Grande rue commerçante, la rue Sierpes est un incontournable du centre puisque vous serez amenés à l'emprunter souvent : elle est pratique, rectiligne, piétonne et
couverte de "vélums" dont vous apprécierez l'ombre et les quelques degrés en moins qu'ils procurent. Autour de cet axe partent nombre de rues où abondent boutiques, bars à tapas, restaurant et
pensions. Ce réseau est le cœur battant de la ville, grouillant d'activité sauf à l'heure de la sieste où tout s'arrête ou presque. On trouve de tout dans ces rues, de l'éventail à quelques euros
à la statue en bois à 40 000, du "bellota" jusqu'aux confiseries traditionnelles de La Campana (à l'angle de Sierpes et d'Alfonso XIII), de l'affiche d'une "feria" (chez Felix Cartelismo sur
l'Avenida de la Constitución) à la carte postale, des marques de prêt à porter internationales ou espagnoles à tous les prix, LE disquaire pour le flamenco et la musique espagnole (Compas Sur,
près de la plaza del Salvador et tout ça réuni à El Corte Inglès -dont je conseille les "platos preparados" bons et pas chers-sur Alfonso XIII au débouché de la calle Tetuán.

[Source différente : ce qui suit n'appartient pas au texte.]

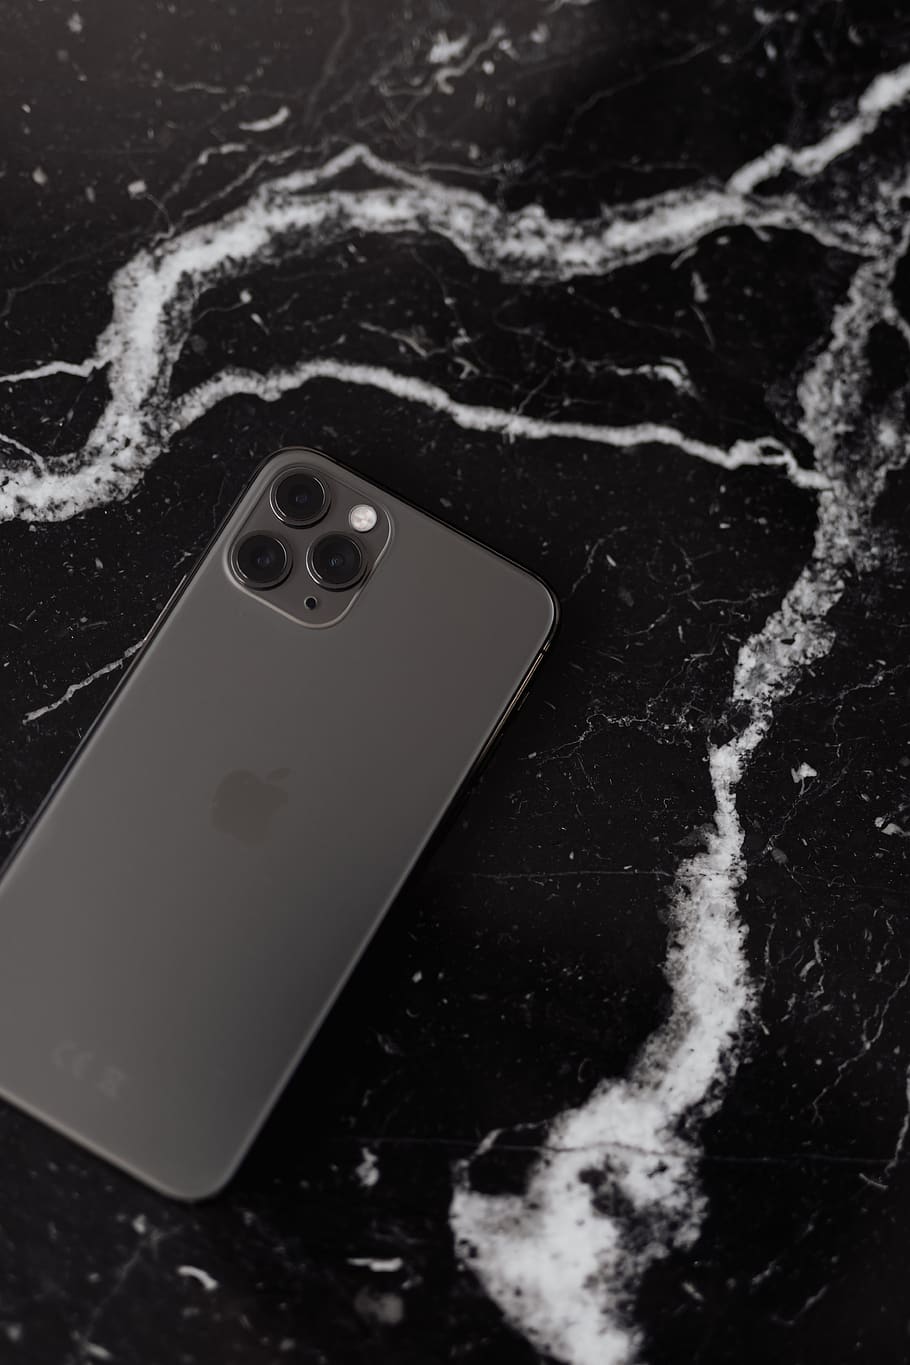 iphone 11 pro, iPhone 11, mobile, mobile phone, space gray, tech, technology, phone, marble, stone

Autres endroits à visiter : l'église del Salvador, la chapelle San José, la Magdalena, la Macarena, etc ; le musée des Beaux-Arts, gratuit, avec une église baroque qui expose Murillo, un beau cloître et des tableaux de Valdés Leal, et les deux peintres géniaux que sont Ribera et Zurbarán ; Triana le quartier "gitan" et des céramistes avec l'église Santa Ana d'où part une des processions les plus ferventes de la Semaine sainte ; la Torre del Oro, la Maestranza les arènes de Séville, le beau palais Lebrija, les Archives des Indes, le musée archéologique, San Telmo, San Leandro, théâtre Lope de Vega et allez boire un verre dans le luxueux hôtel Alfonso XIII, un édifice néo-mudéjar.
Aux environs n'oubliez la visite des ruines d'Itálica (le lieu de naissance de l'empereur Hadrien alors un peu de respect) et de son amphithéâtre très impressionnant, et le musée d'art contemporain dans la Isla de la Cartuja.
Enfin à Séville vous n'êtes pas loin de la merveilleuse ville de Carmona (45 mn de route) et de la côte atlantique avec le fameux parc de Doñana (70/90 mn de route).
Si l'utilisation de la voiture reste possible dans presque tout le centre historique de Séville, permettez-moi de vous donner le conseil de ne pas l'utiliser mais plutôt de bien la garer, par exemple dans le parking souterrain de Triana juste à côté du pont Isabel II. C'est un budget, mais c'est aussi celui de la tranquillité. Le centre historique a d'assez grandes dimensions, mais le terrain est plat et la plupart des visites se font à pied sans difficultés. De plus, le réseau de transports en commun dessert les sites les plus éloignés comme la plaza de España ou la Isla de la Cartuja.